* SUPPLIED DATA *

■ ■ ■ ■ ■ ■ ■

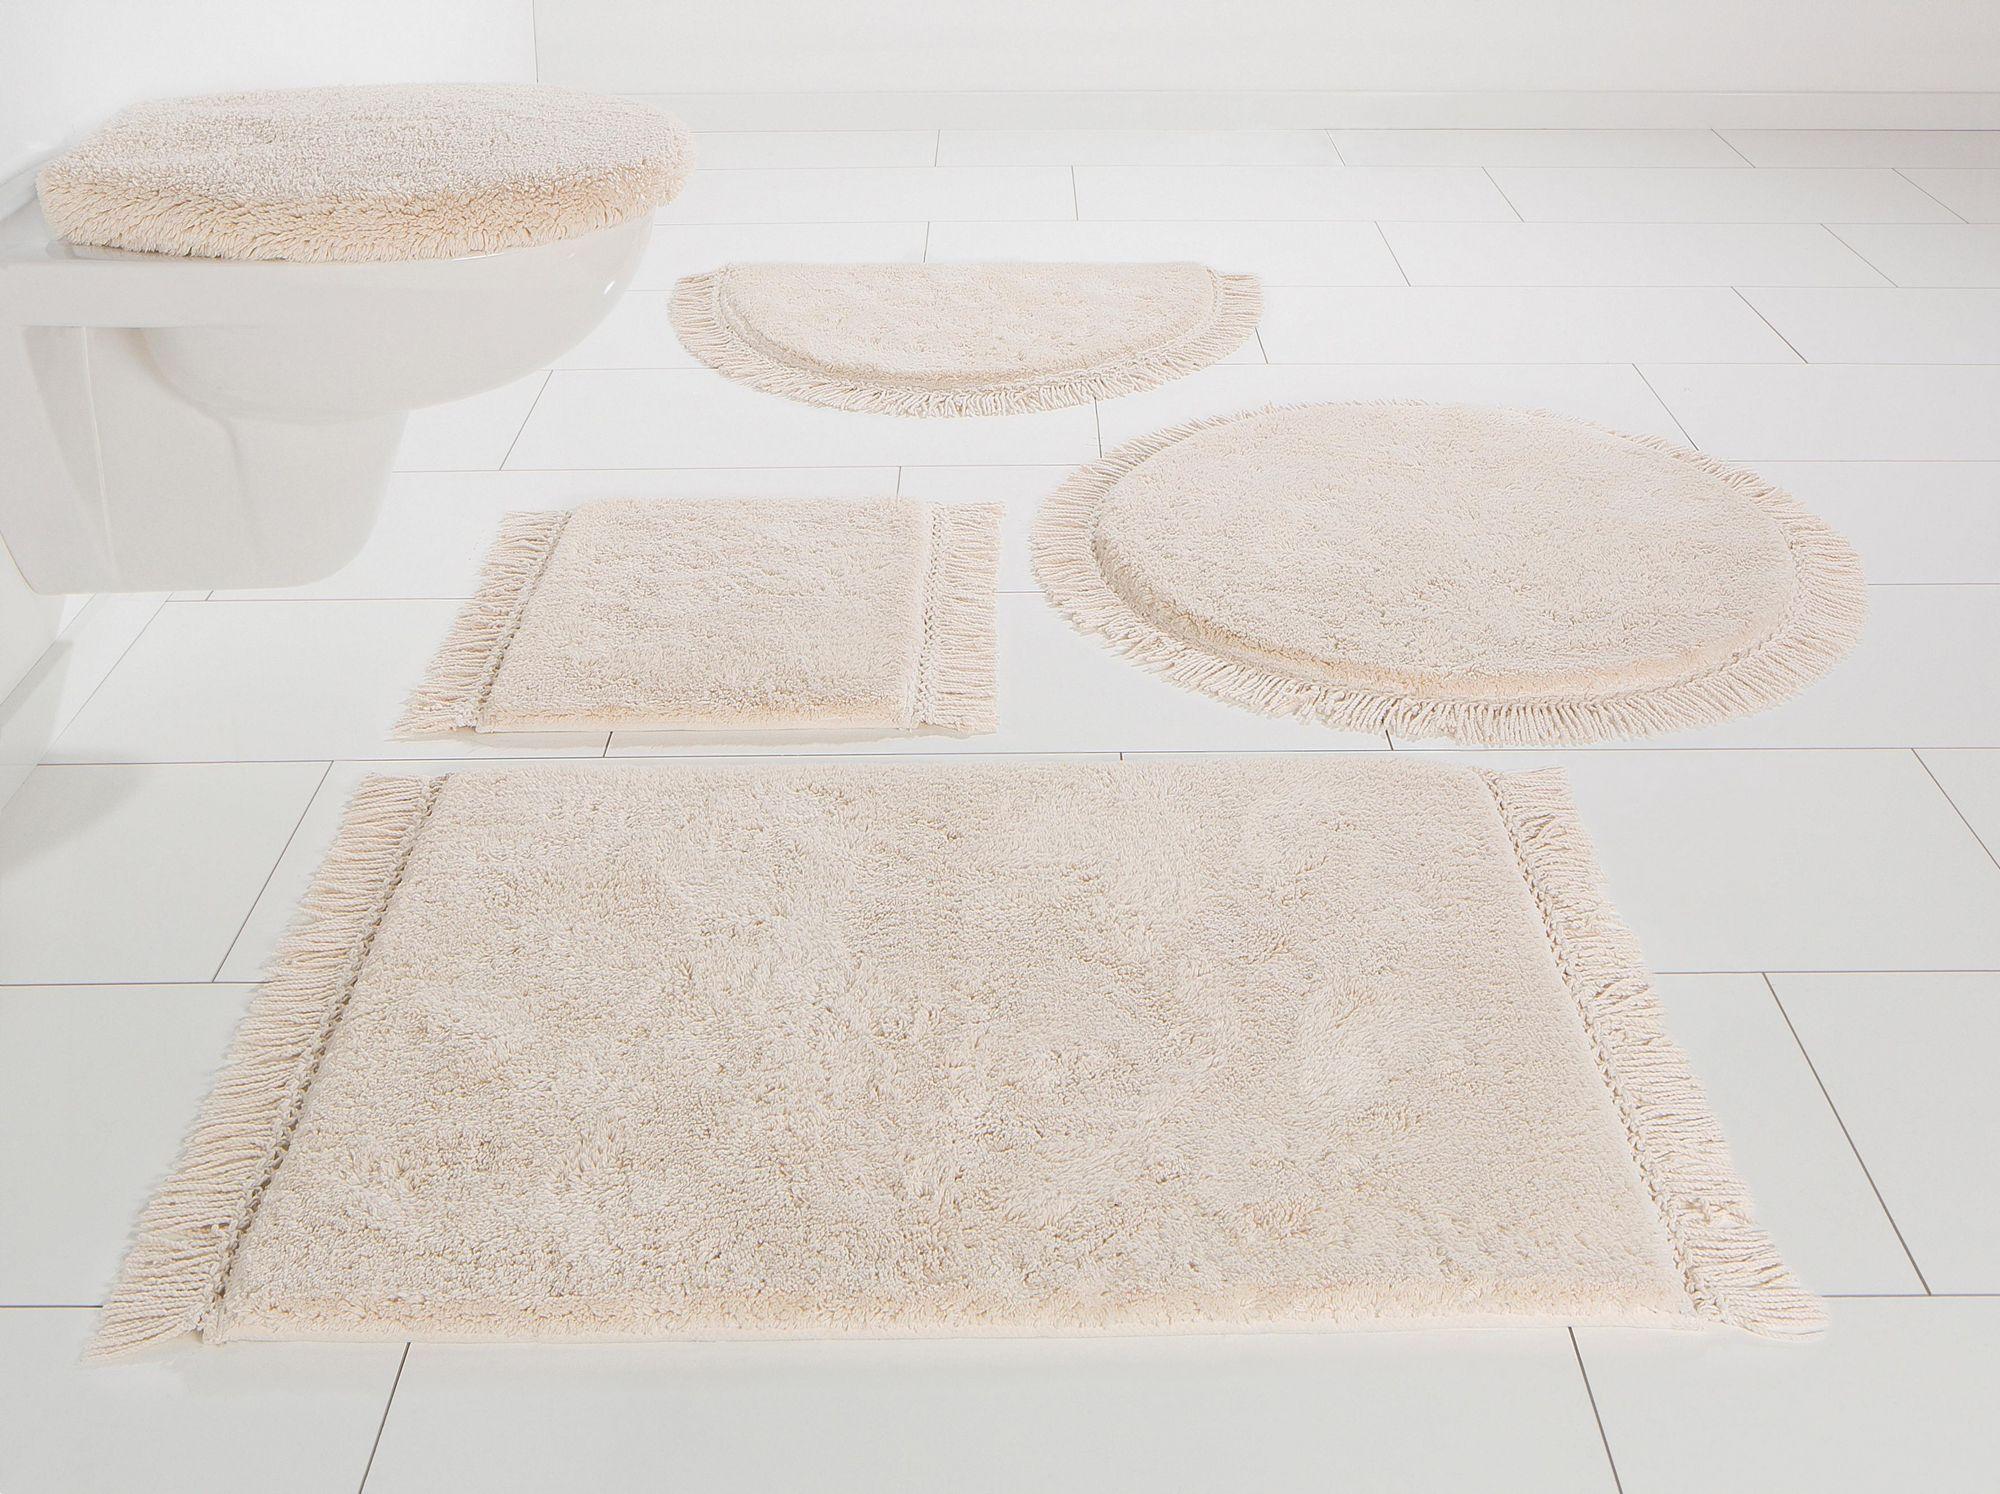 HOME AFFAIRE COLLECTION Badematte, 3-tlg. Hänge WC-Set, Home affaire Collection, »Finca«, Bio-Baumwolle, Höhe 16 mm
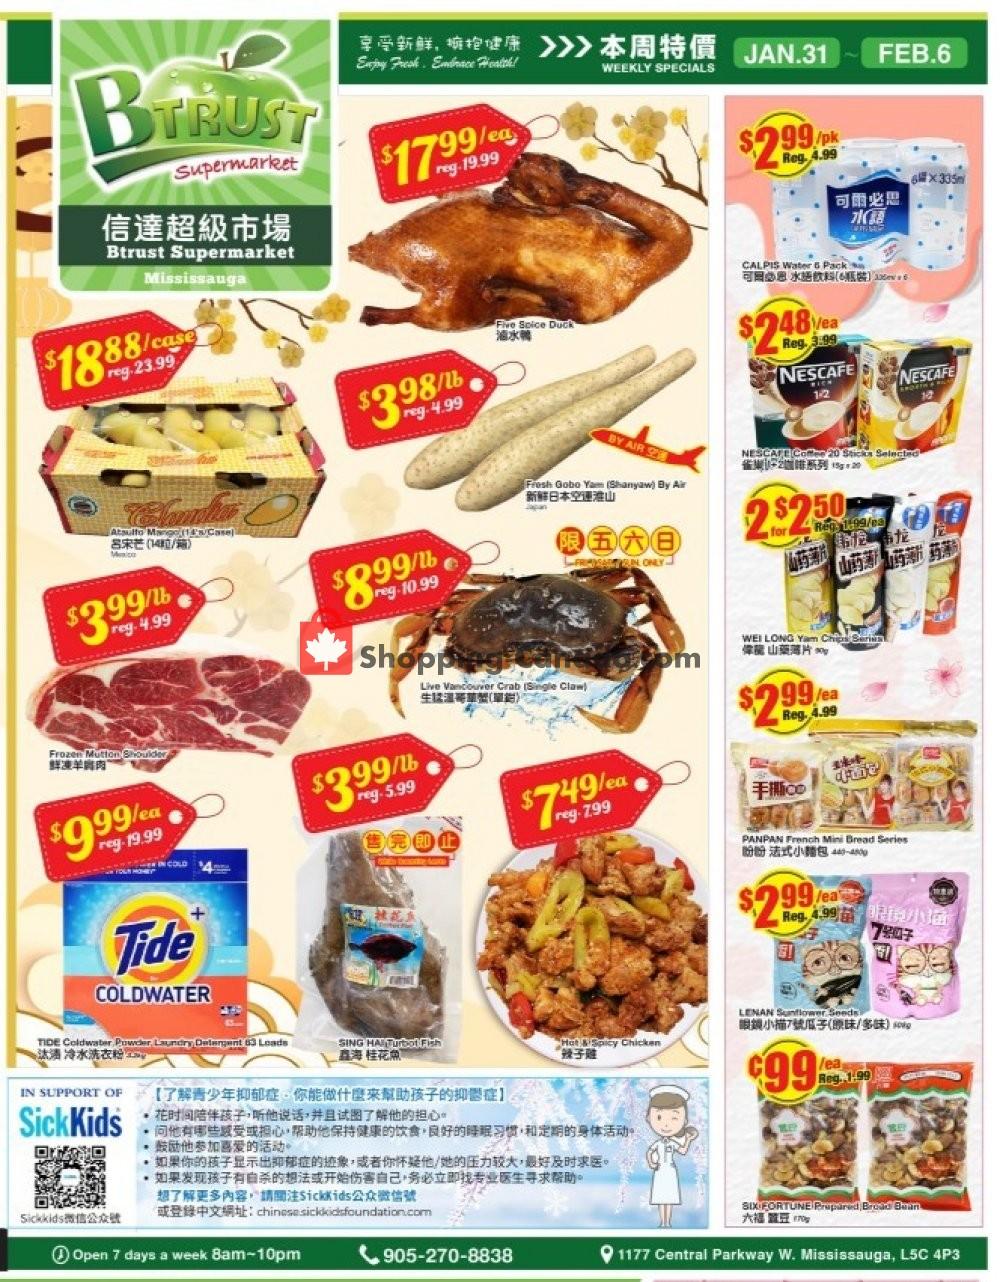 Flyer Btrust Supermarket Canada - from Friday January 31, 2020 to Thursday February 6, 2020
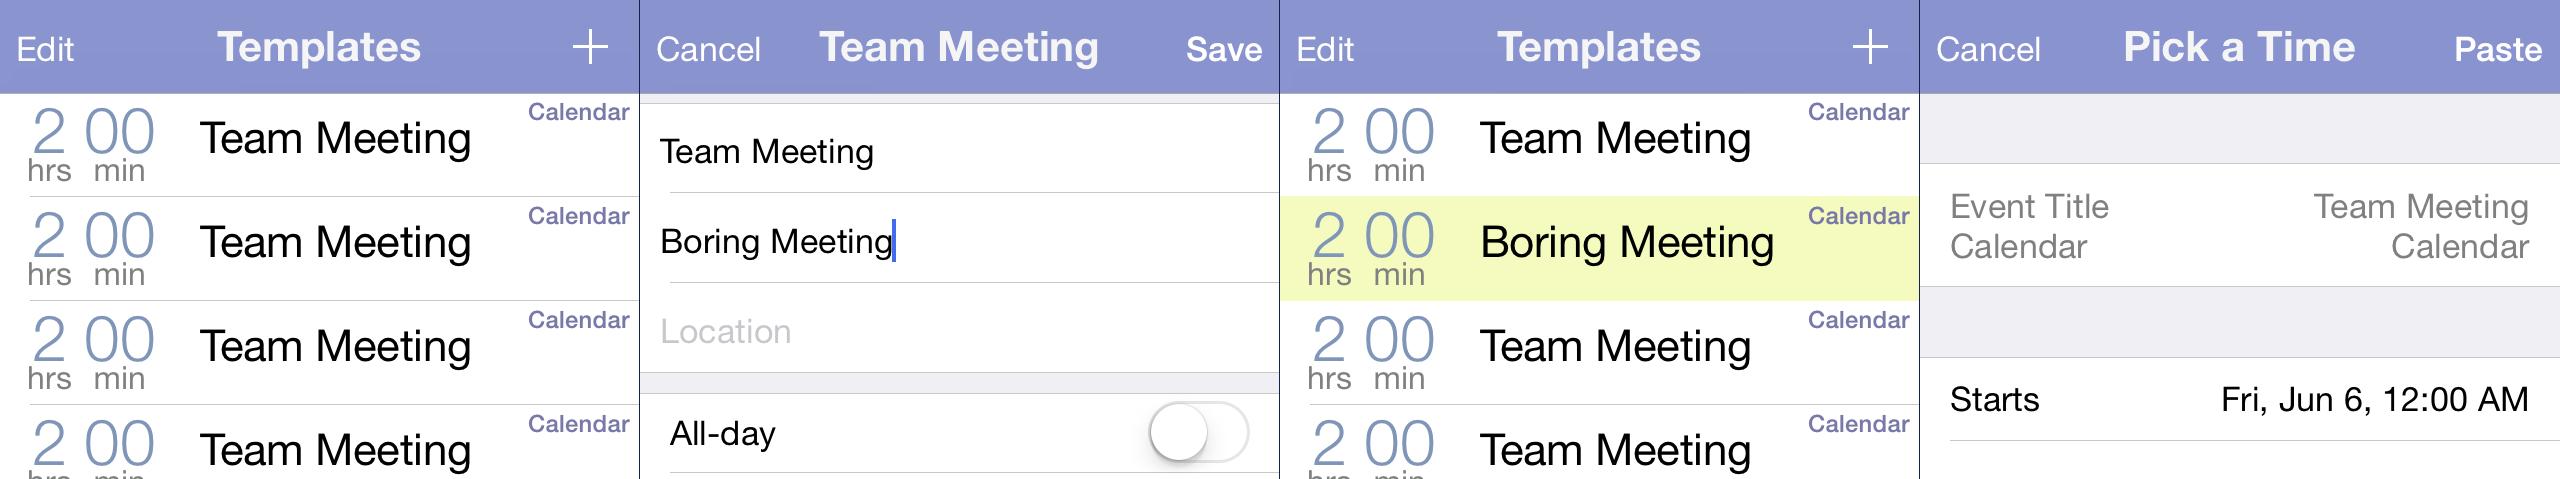 screenshots of the app
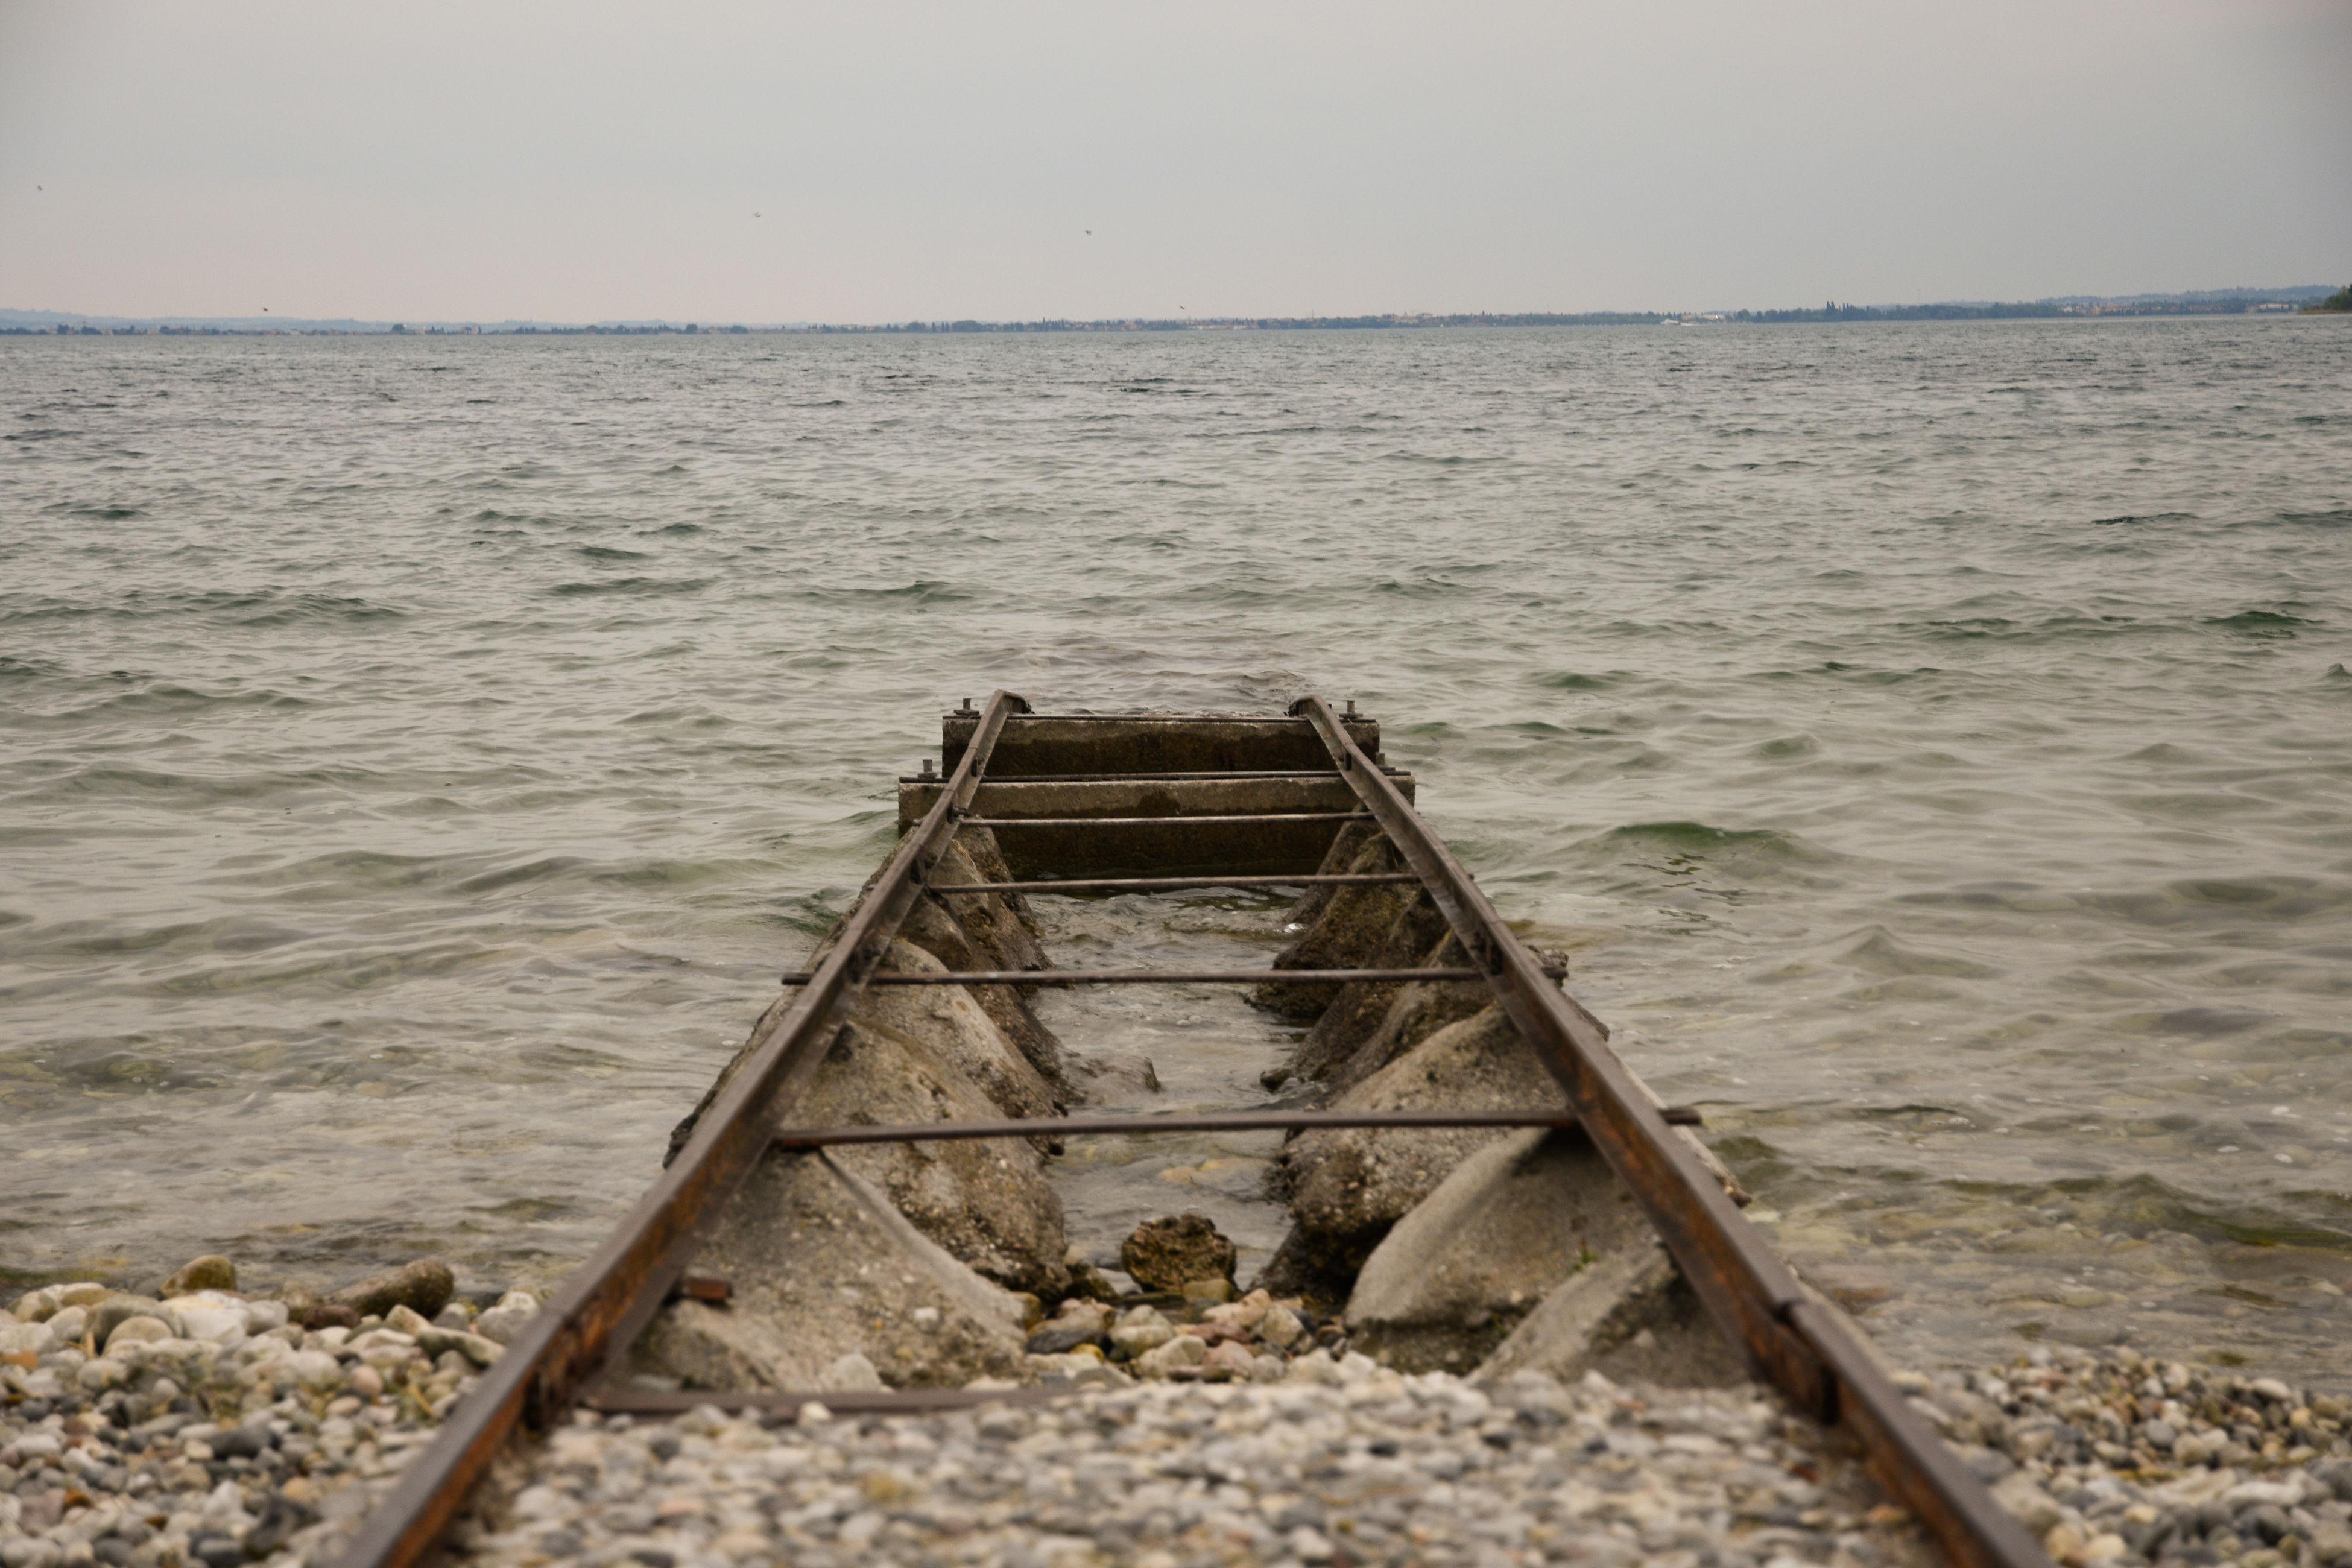 The lake of Garda Feel The Journey Lake Nature Photography Nature Traveling The Lake Of Garda Garda Garda Lake Italy

■ ■ ■ ■ ■ ■ ■

* TASK PROMPT *
Where the line with "Flyer Btrust Supermarket" appears, begin there and transcribe exactly through the last line of the data, leaving all pictures aside.

* OUTPUT *
 Flyer Btrust Supermarket Canada - from Friday January 31, 2020 to Thursday February 6, 2020
 screenshots of the app
 The lake of Garda Feel The Journey Lake Nature Photography Nature Traveling The Lake Of Garda Garda Garda Lake Italy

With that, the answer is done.